The Bush administration’s ill-defined policies on unconventional combatants captured in Afghanistan and Iraq spotlight the need for well-defined statutes that U.S. armed forces can follow in dealing with the out-of-uniform enemy they’re increasingly likely to encounter in future conflicts.
A statutory system would impose order that rules made up on the fly clearly cannot. “It should be done – there’s no question about it,” says Kevin J. Barry, retired Coast Guard captain and military judge.
“It’s a very good suggestion because the Geneva Convention did not anticipate the kind of enemy” that U.S. forces are fighting when the international treaties were created, said Ved Nanda, director of the international legal studies program at the University of Denver. “If Congress can look at … how they should be treated, I think that would be a very good idea.”

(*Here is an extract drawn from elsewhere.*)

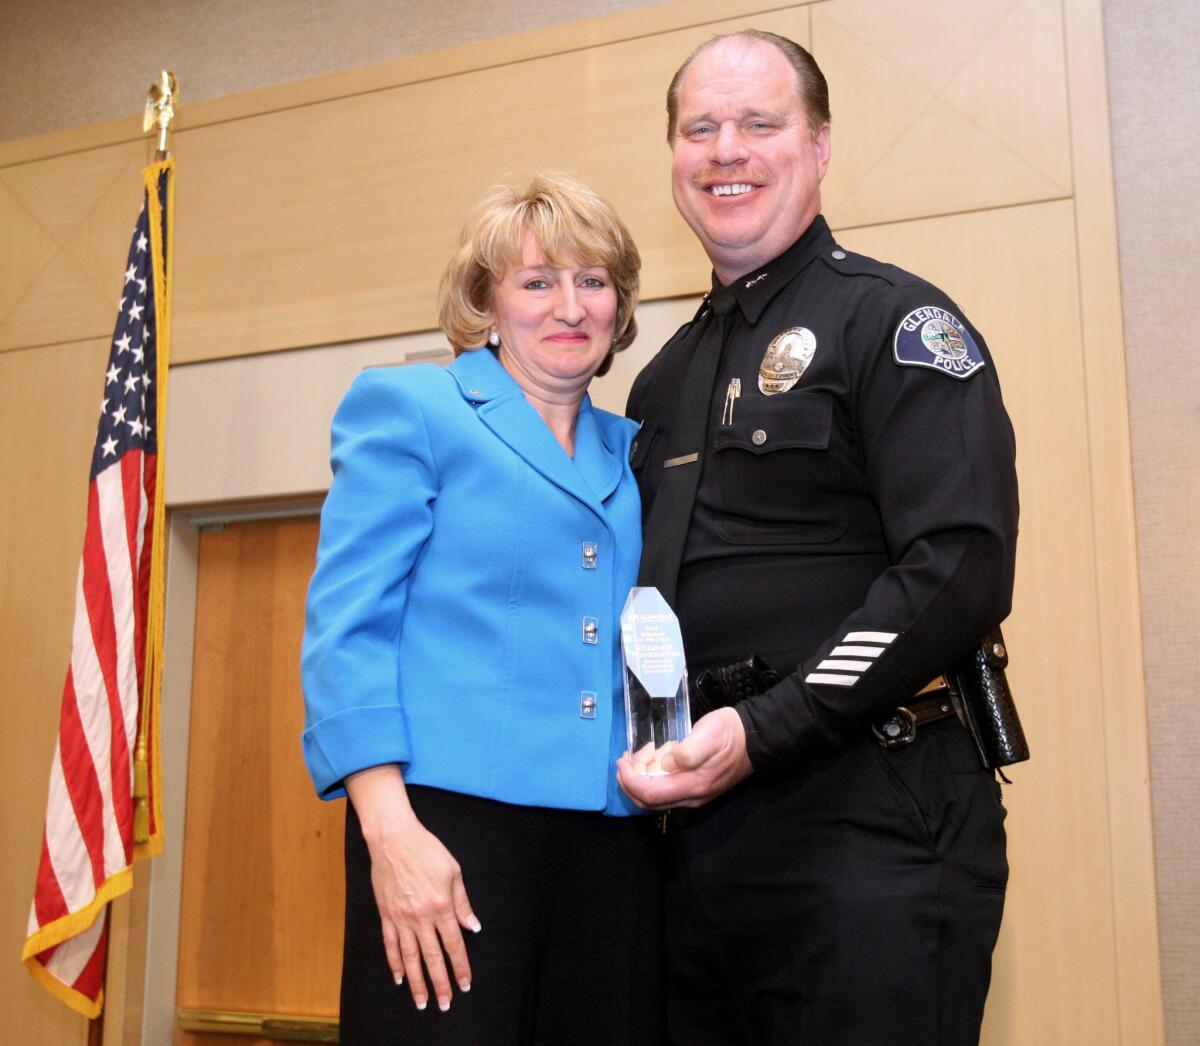 Boardwalk Properties' Elizabeth Manesserian received the Woman of the Year award from Glendale Police Department Deputy Chief Carl Povilaitis at this year's luncheon at the Hilton in Glendale on Thursday, March 31, 2016.
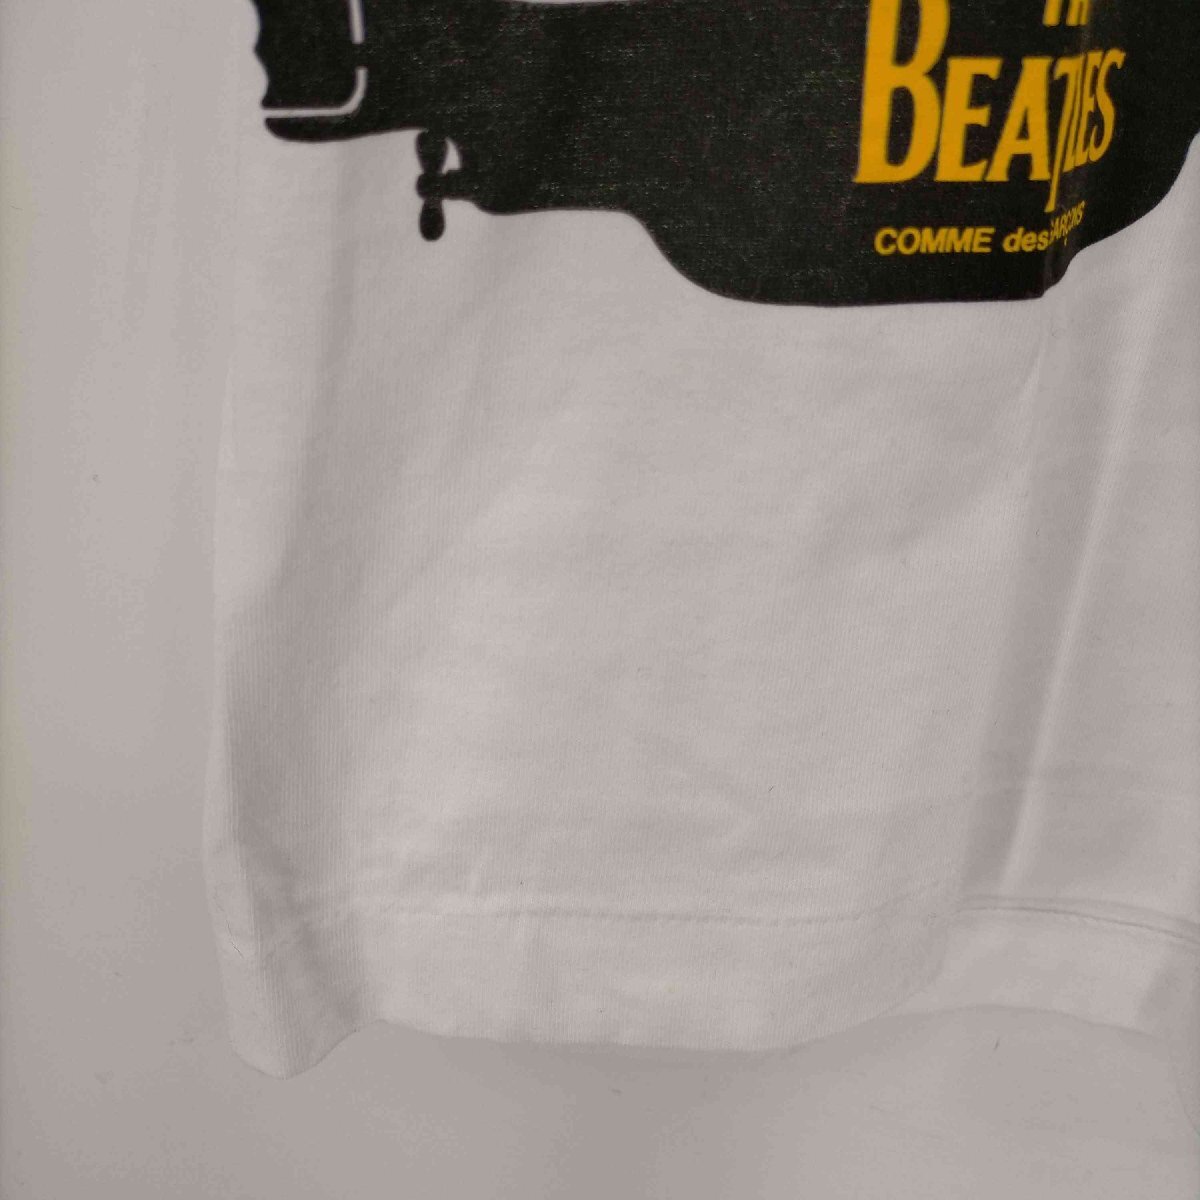 THE BEATLES COMME des GARCONS(ビートルズ コムデギャルソン) Yellow 中古 古着 0347_画像4

“Congress has been absent without leave on this,” Barry said. Since 2001, only the courts have done that, he said.
Congress belatedly took up some issues involving captives, with Arizona Sen. John McCain’s torture ban and the ridiculous proposal by Sen. Lindsey Graham, R-S.C., to strip the U.S. Supreme Court of the power to hear detainee cases. (In June 2004, the court ruled detainees can’t be held indefinitely and could challenge detention in federal courts.)
Congressional criteria that differentiate between insurgents and terrorists would be helpful. “It’s awful what we’re doing,” Barry says, condemning the idea “that anybody who wants to do something nasty to to us is a combatant who we can lock up and throw away the key.” Even the Viet Cong were treated as prisoners of war.
Once a country is pacified, insurgents who take up arms in their home countries can and should be released. Incarceration of international terrorists, who could remain dangerous for a long period of time, is much more problematic. Nanda points out that “the United Nations has no mechanism for dealing with those kinds of people. … My own suggestion would be some international machinery be established to deal with these difficult cases,” possibly by regional groups of countries.
Congress, which created the Uniform Code of Military Justice, has the power to enact laws defining rules for military tribunals that determine if captives are POWs or try any accused of war crimes. As Barry notes, President Bush’s military commissions were modeled on those established during World War II but without many due-process protections.
Instead of haphazard efforts that clash with American legal strictures, Congress should enact unambiguous laws that are consistent with international concepts of humane treatment – the same as we’d demand for any GI who’s a POW.